Когда русские формалисты провозглашают «остранение» художественным приемом,5 признание всеобщности этой категории возможно потому, что в исторических авангардных движениях шок реципиента становится главнейшим принципом художественной интенции. Поскольку остранение тем самым действительно становится господствующим художественным приемом, оно может быть признано общей категорией. Это ни в коем случае не означает, что русские формалисты выявили остранение преимущественно на основе авангардистского искусства (напротив, излюбленные примеры Шкловского —это «Дон Кихот» и «Тристрам Шенди»); утверждается лишь одна, тем не менее необходимая, взаимосвязь между принципом шока в авангардистском искусстве и осознанием общезначимости категории остранения. Необходимой эта связь предстает потому, что лишь полное раскрытие предмета (здесь — радикализация остранения через шок) позволяет познать общезначимость категории. Акт познания ни в коем случае не переводится тем самым в сферу реальности, а познающий субъект не отрицается; всего лишь признается, что возможности познания ограничены реальным (историческим) развитием предмета.6
Я утверждаю, что авангард первым раскрывает общий характер определенных общих категорий произведения искусства и что, следовательно, предыдущие стадии развития феномена искусства в буржуазном обществе можно понять исходя из авангарда, а не наоборот (авангард — исходя из предшествующих ему стадий искусства). Но это положение не значит, что все категории произведения искусства получают свое полное развитие лишь в авангардистском искусстве. Напротив, мы увидим, что определенные, существенные для описания доавангардистского искусства категории (например, органичность, подчиненность частей целому) в искусстве авангарда как раз отрицаются. Поэтому нельзя полагать, будто все категории (и то, что они выражают) проходят одинаковый путь развития. Подобная эволюционистская позиция сглаживает противоречивость исторических процессов в пользу представлений о линейном ходе развития. В противовес этому следует настоять на том, что историческое развитие как общества в целом, так и отдельных его частей следует рассматривать лишь как результат во многом несовместимых линий развития категорий.7
Необходимо дополнительно уточнить сформулированное выше положение.
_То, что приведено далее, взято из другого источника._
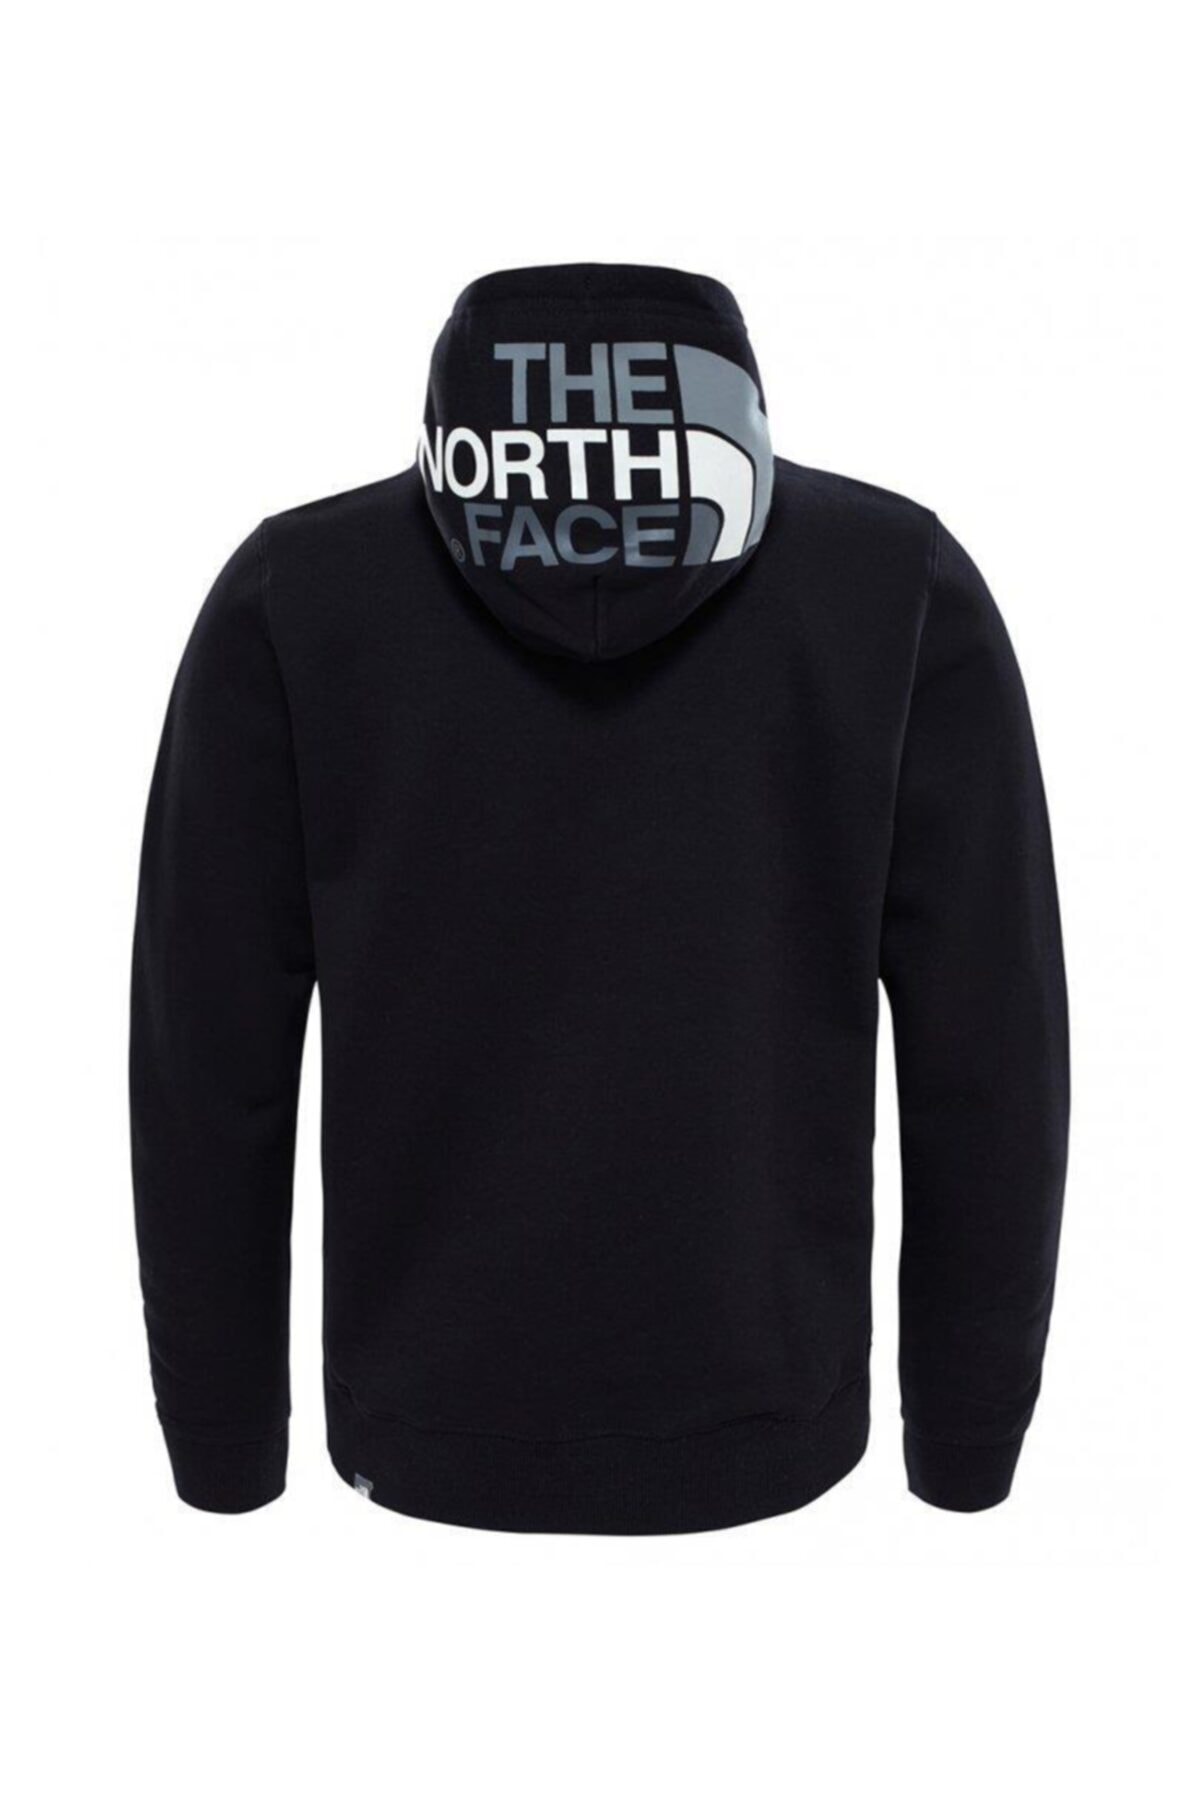 THE NORTH FACE Seas Drew Peak Hoodie Erkek Sweatshirt - T92TUVKX7 BY9198

Только авангард, как говорилось, демонстрирует всеобщность художественных средств, потому что уже не выбирает художественные средства по какому-то стилистическому принципу, но располагает ими как художественными средствами. Возможность видеть категории художественного произведения в их общезначимости возникла в искусстве авангарда, разумеется, не ex nihilo. Напротив, ее исторические предпосылки кроются в развитии искусства в буржуазном обществе. С середины XIX века, то есть после утверждения политического господства буржуазии, развитие это протекало так, что диалектика формы и содержания произведения искусства все больше смещалась в сторону формы. Содержательная сторона художественного произведения – его «высказывание» — все больше оттесняется на задний план формой, определяющей себя как эстетическое в узком смысле слова. Такое преобладание (примерно с середины XIX века) формы в искусстве с точки зрения производственной эстетики можно трактовать как распоряжение художественными средствами, с точки зрения рецептивной эстетики — как установку на сенсибилизацию реципиента. Важно видеть единство этого процесса: художественные средства становятся доступными в качестве таковых по мере ослабления категории содержания.8
С этой точки зрения оказывается понятным одно из центральных положений эстетики Адорно, согласно которому «ключ ко всякому содержанию искусства лежит в его технике».9 Подобный тезис вообще возможен лишь благодаря тому, что за последние сто лет изменилось отношение между формальными (техникой) и содержательными (высказыванием) моментами произведения и что форма действительно стала преобладать. Вновь обнаруживается взаимосвязь между историческим развитием предмета и категориями, охватывающими данную предметную область. Однако в формулировке Адорно проблематичен один момент — претензия на общезначимость. Если верно, что положение Адорно стало возможным лишь благодаря эволюции, которую искусство претерпело со времен с Бодлера, то применимость этого положения к предыдущим эпохам в искусстве оказывается спорной. В цитированном выше методологическом рассуждении Маркс обращается к этой проблеме и подчеркивает, что даже самые абстрактные категории обладают «полной значимостью» лишь для и внутри тех условий, продуктом которых они являются. Если не усматривать здесь скрытого историзма Маркса, то возникает проблема – можно ли познавать прошлое, не питая истористской иллюзии его беспредпосылочного понимания и не постигая его в категориях, представляющих собой продукт более поздней эпохи?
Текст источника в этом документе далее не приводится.